Никогда в жизни его не кормили вот так. В отцовском замке по его приказу пажи приносили еду ему в кровать. За общим же столом он сидел по левую руку отца — как не старший, но самый любимый сын.

От одного вида мяса, положенного, как собаке на полу, он с трудом мог удержать рвущийся из горла ком. Но если Кадан еще надеялся сохранить гордость, то Леннар уже знал: смирение придет.

Епитимья была наложена на весь грядущий месяц, и как бы ни старался шотландец, он не смог бы протянуть столько без еды.

Леннар ковырнул вилкой кусок нежной телятины. Попытался положить немного в рот — но теперь ему самому казалось, что Кадан смотрит на него, и щеки заливал румянец.

"Почему этот мальчишка не дает мне спать", — в который раз подумал он. Но некому было дать ответ.

Закончив трапезу, с разрешительного жеста командора братия встала из-за стола, и рыцари, все так же не нарушая тишины, по двое проследовали в часовню.

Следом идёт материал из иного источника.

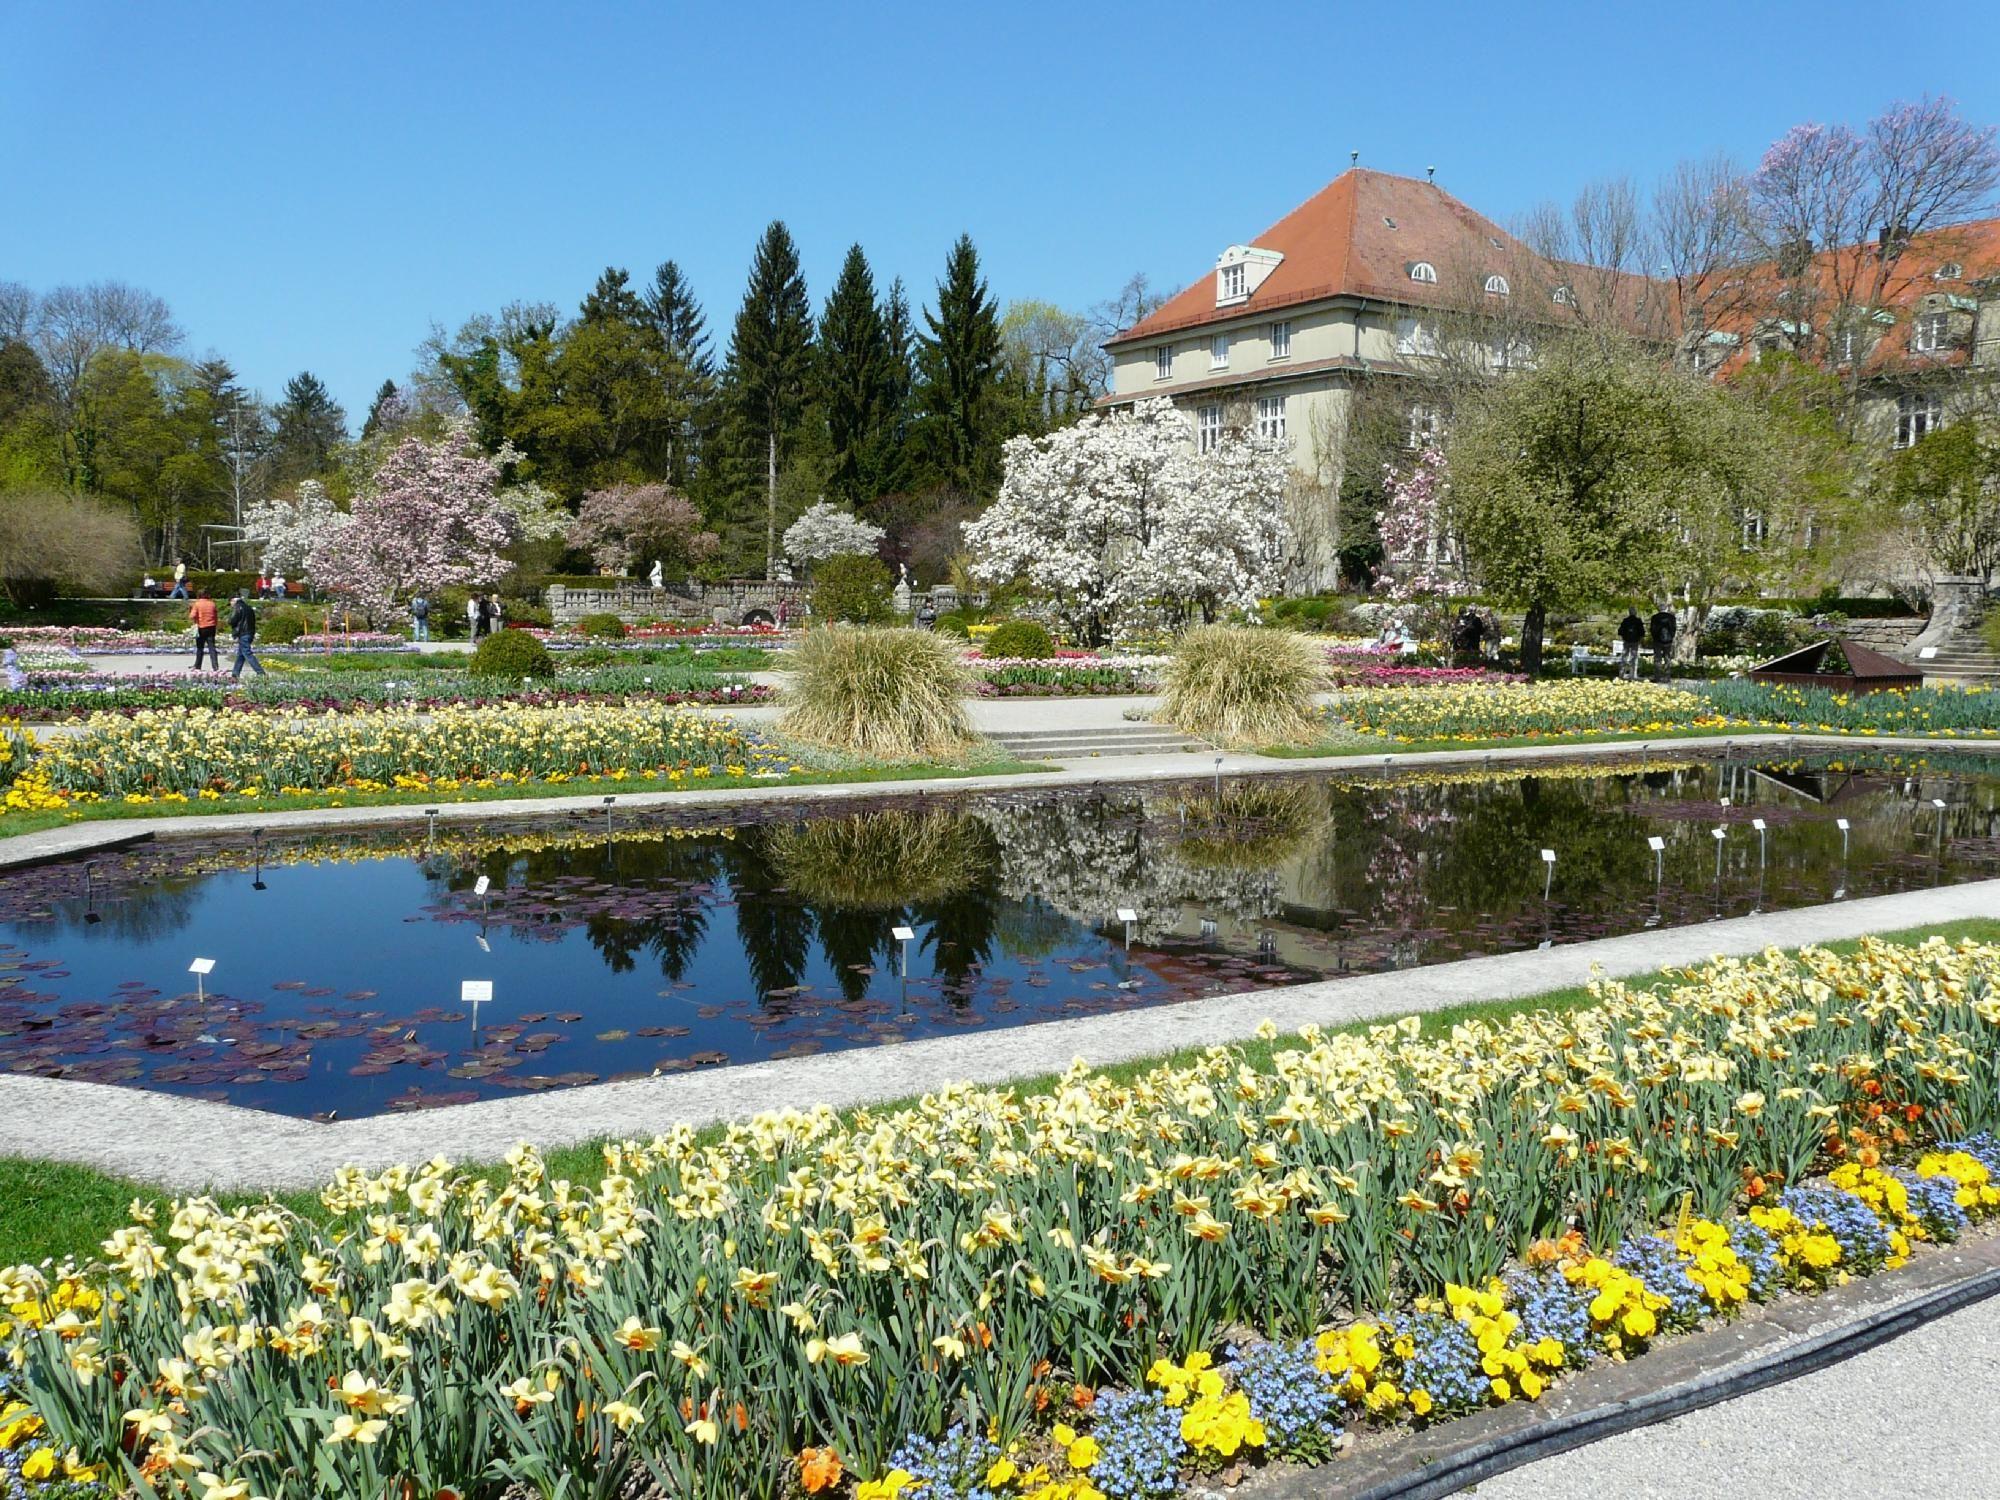 Das Sind Die Schonsten Botanischen Garten Deutschlands

Ролан оказался рядом с Леннаром как по волшебству — но оба молчали. До окончания молитвы нельзя было завести разговор и даже после следовало избегать пустых и ненужных слов.

Только когда служба подошла к концу, Ролан, все еще державшийся подле Леннара, заговорил:

— Твой оруженосец меня оскорбил, — негромко произнес он.

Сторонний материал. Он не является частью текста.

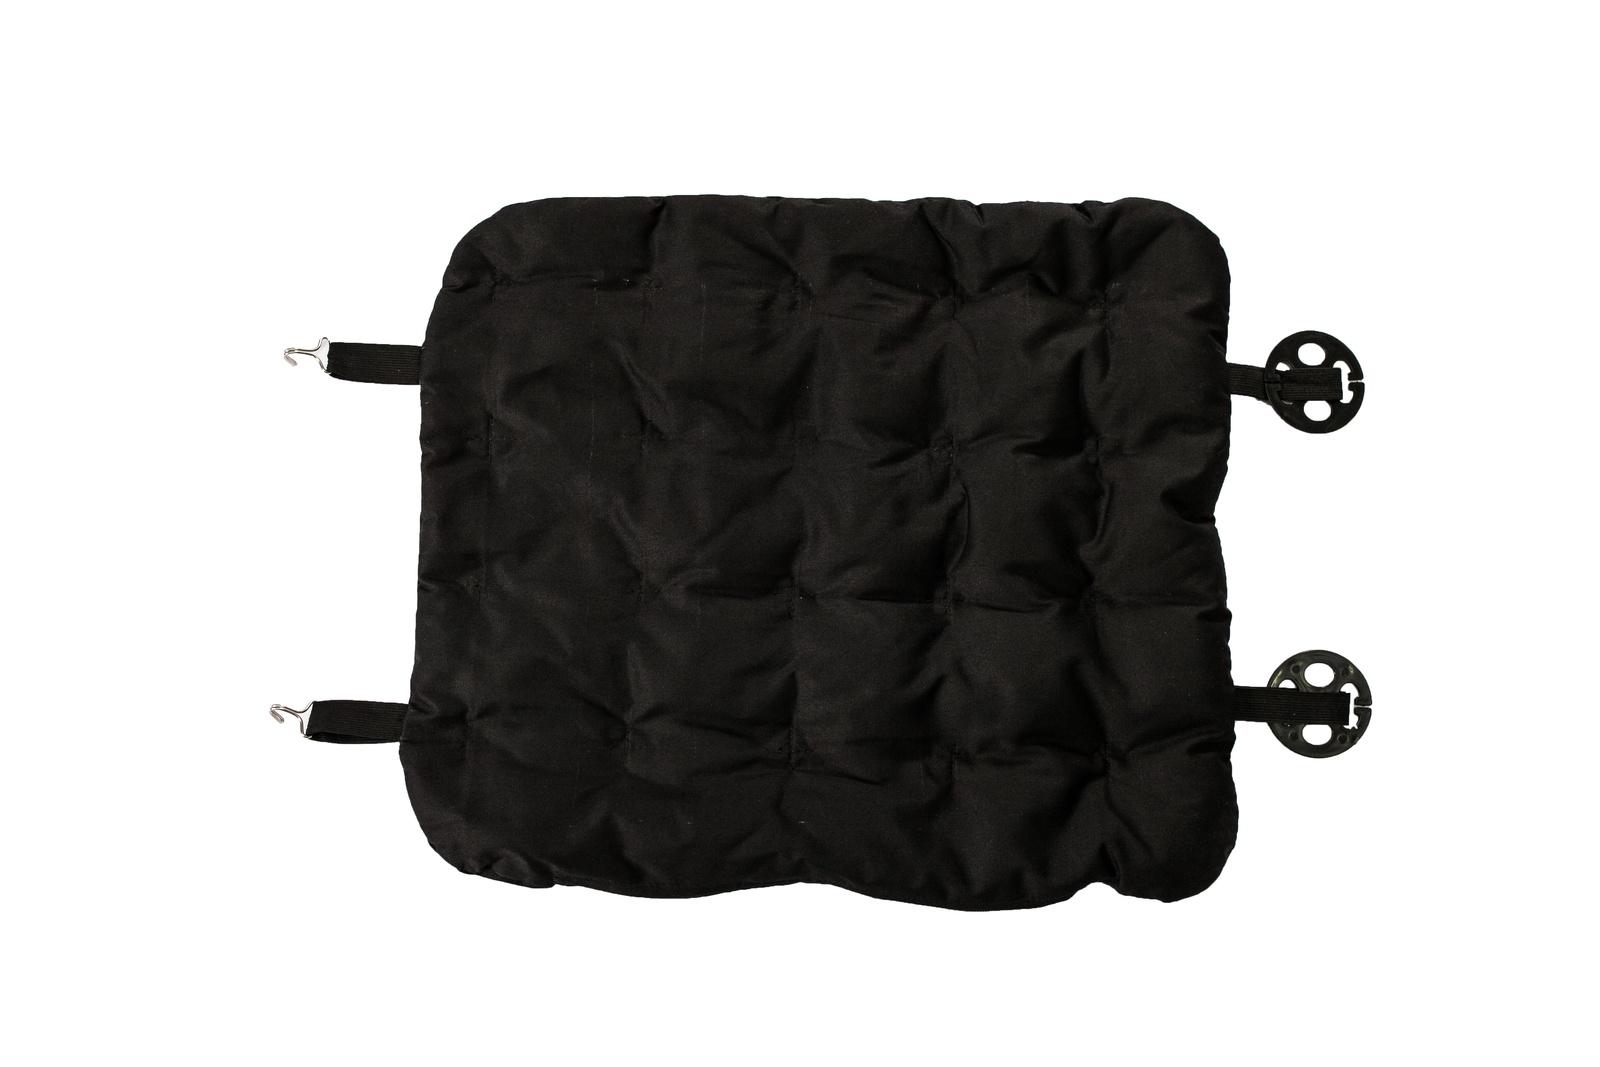 Ортопедическая подушка, наполнитель гречиха на сиденье Био, AvtoTink, черный

Спина Ролана все еще зудела болью после того, как накануне, посреди двора, служитель, назначенный командором, отвесил ему двадцать плетей. Такова была первая часть его наказания. Второй же стало лишение мяса на десять дней.

Леннар молча двигался по коридору, не желая отвечать. Но в знак того, что услышал, все же кивнул.

— Я хочу, чтобы ты передал мне право его наказать.

— Если бы ты заслужил такое право — тебе дал бы его Капитул, — сказал Леннар и, более не обращая внимания на Ролана, ускорил ход.

Когда солнце опустилось за стены замка, Леннар отыскал Кадана на конюшне — тоскливо глядя перед собой, тот чистил коней.

— Пойдем, — коротко приказал Леннар.

Кадан, кивнув, поднялся и последовал за ним.

Они прошли в самый конец конюшни и остановились между двух стойл.

— Лицом к стене, — приказал Леннар.

Кадан сглотнул, силясь подавить обиду, и, отвернувшись от него, уперся ладонями в деревянную балку.

— Мне снять тунику? — спросил он, видя, что Леннар медлит.

— Да, — подумав, ответил тот и куда-то отошел.

За то время, пока он подбирал плеть, Кадан освободился от верхней одежды и теперь стоял перед ним с обнаженной спиной. Леннар подошел и замер, глядя, как подрагивают острые лопатки. Опустил руку на них и чуть погладил.

— Расслабься, — тихо сказал он.

Кадан кивнул, но дрожать не перестал.

Леннар все еще медлил.

— Ты боишься боли? — спросил он.

— Не знаю, — Кадан коротко усмехнулся, — я никогда не испытывал ее.

— Боль — только способ очистить себя, — произнес Леннар спокойно, продолжая успокаивающе поглаживать его по спине, как гладил бы взбудораженного коня. — С каждым ударом грех будет покидать тебя.

— Но я не…

— Грех будет покидать тебя, — повторил Леннар тверже, — если ты готов избавиться от него. Если ты признаешь, что совершил грех. Ты совершил его?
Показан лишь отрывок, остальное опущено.